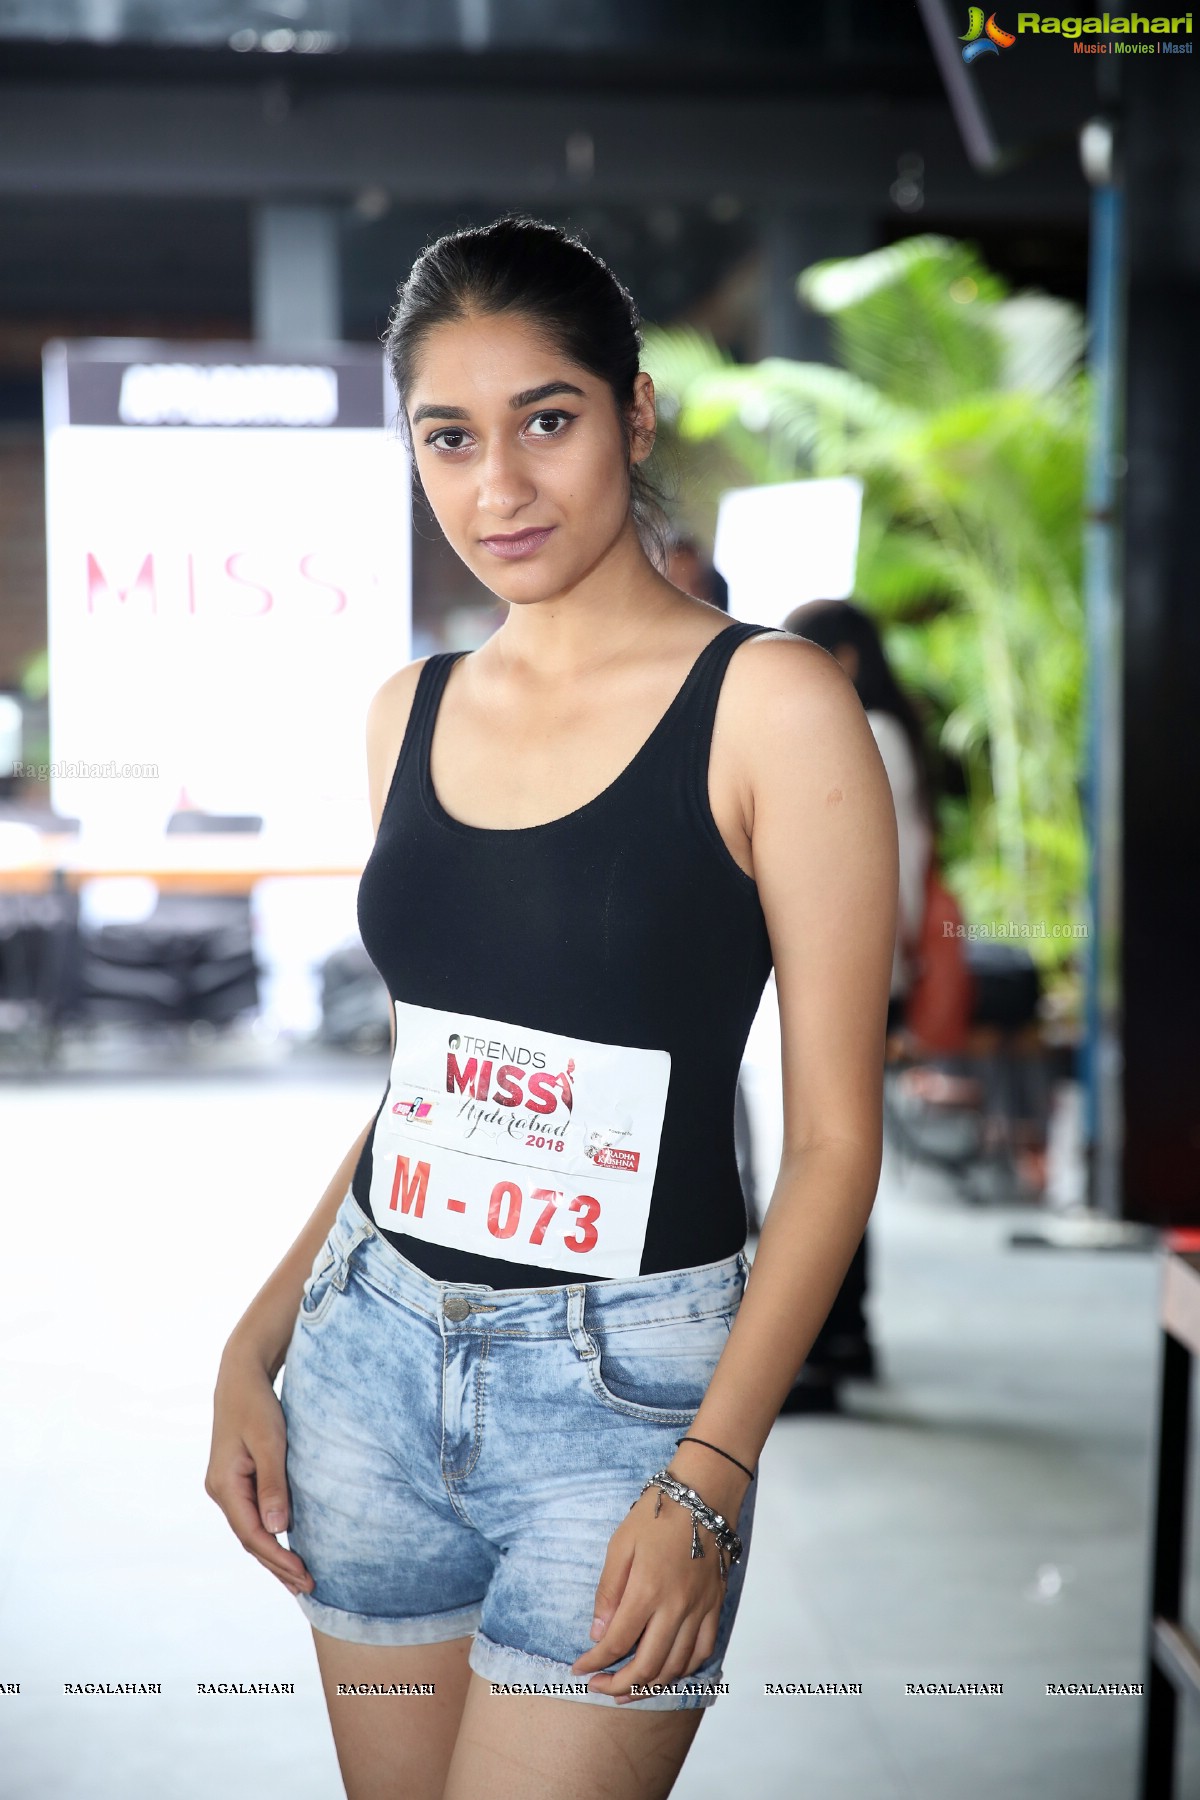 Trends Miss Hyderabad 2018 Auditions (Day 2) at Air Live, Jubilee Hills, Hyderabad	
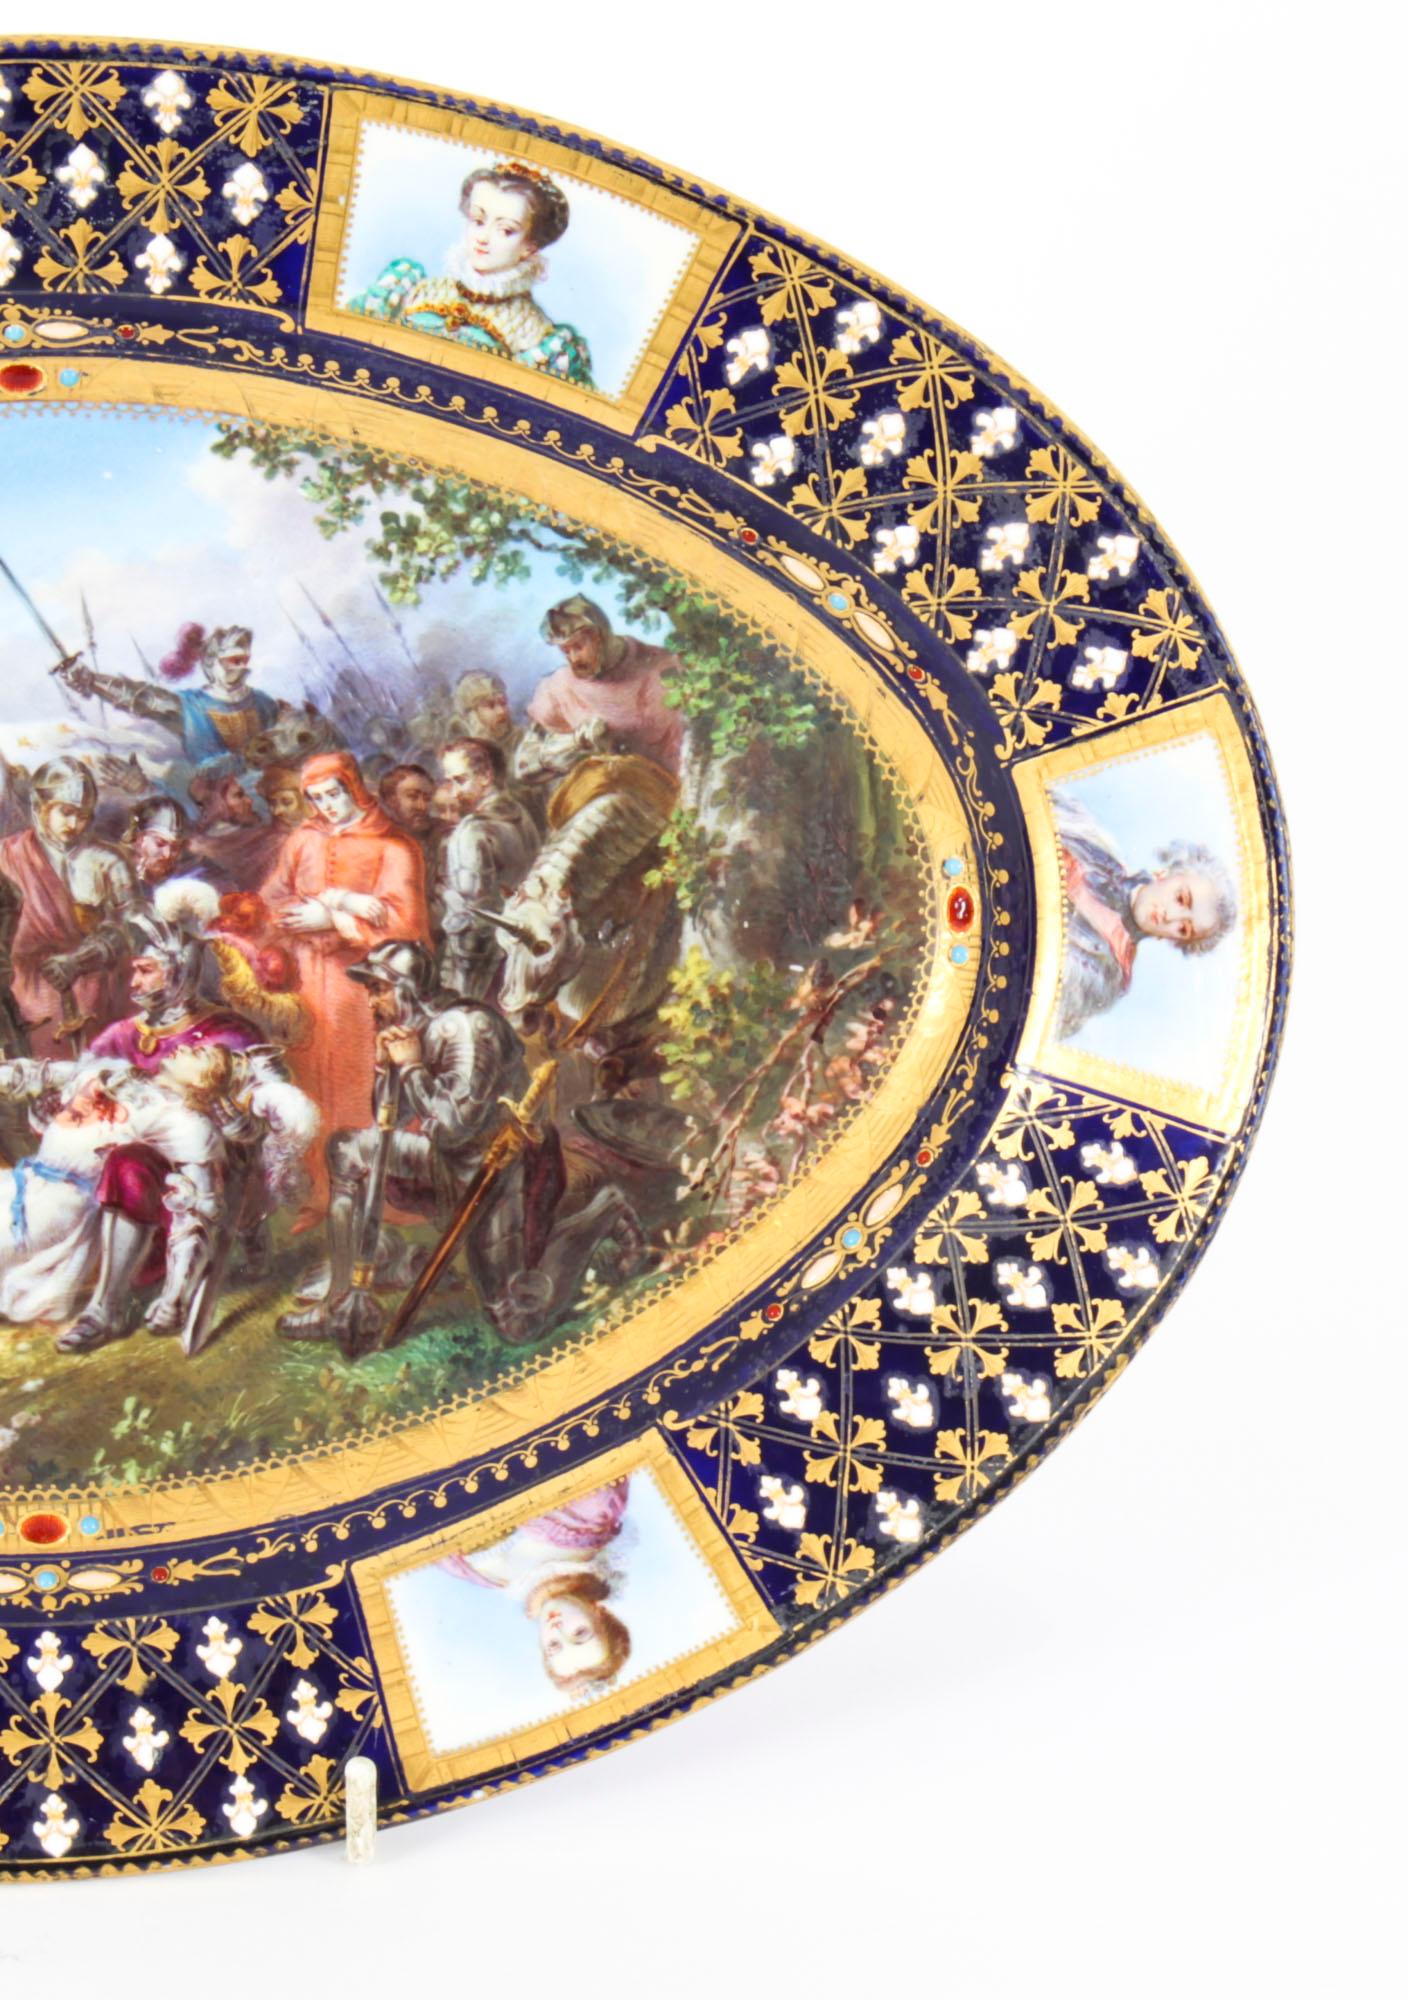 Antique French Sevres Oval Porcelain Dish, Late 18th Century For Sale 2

...

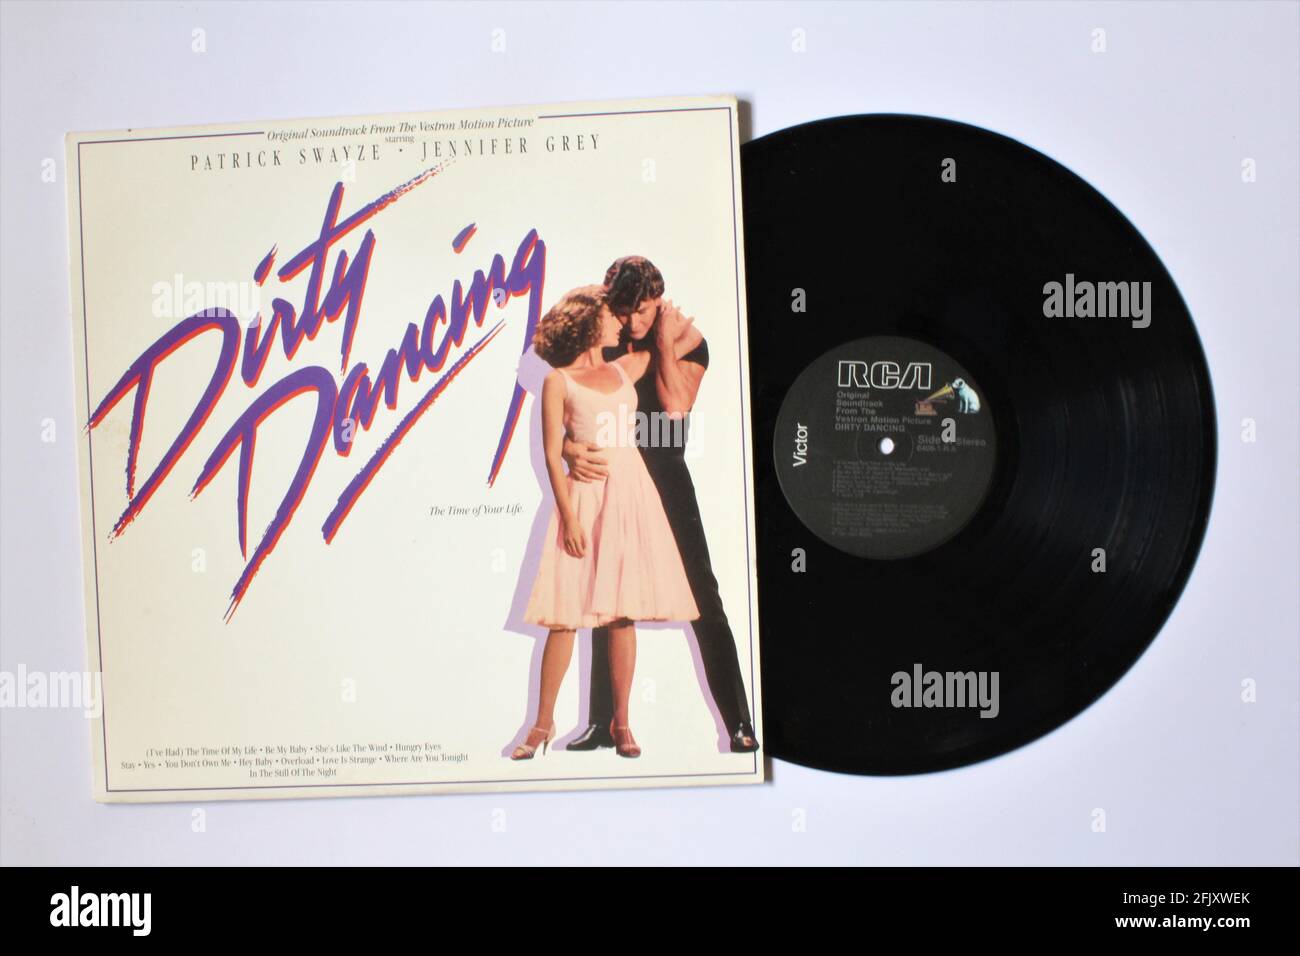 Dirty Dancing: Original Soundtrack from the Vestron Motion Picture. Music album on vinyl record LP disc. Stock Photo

> What this task involves: All pictures are to be skipped. Output, word for word, the lines in the data above starting at the line containing "Trends Miss Hyderabad" and ending at the line containing "Antique French Sevres".

> Answer to the exercise:
 Trends Miss Hyderabad 2018 Auditions (Day 2) at Air Live, Jubilee Hills, Hyderabad	
 Antique French Sevres Oval Porcelain Dish, Late 18th Century For Sale 2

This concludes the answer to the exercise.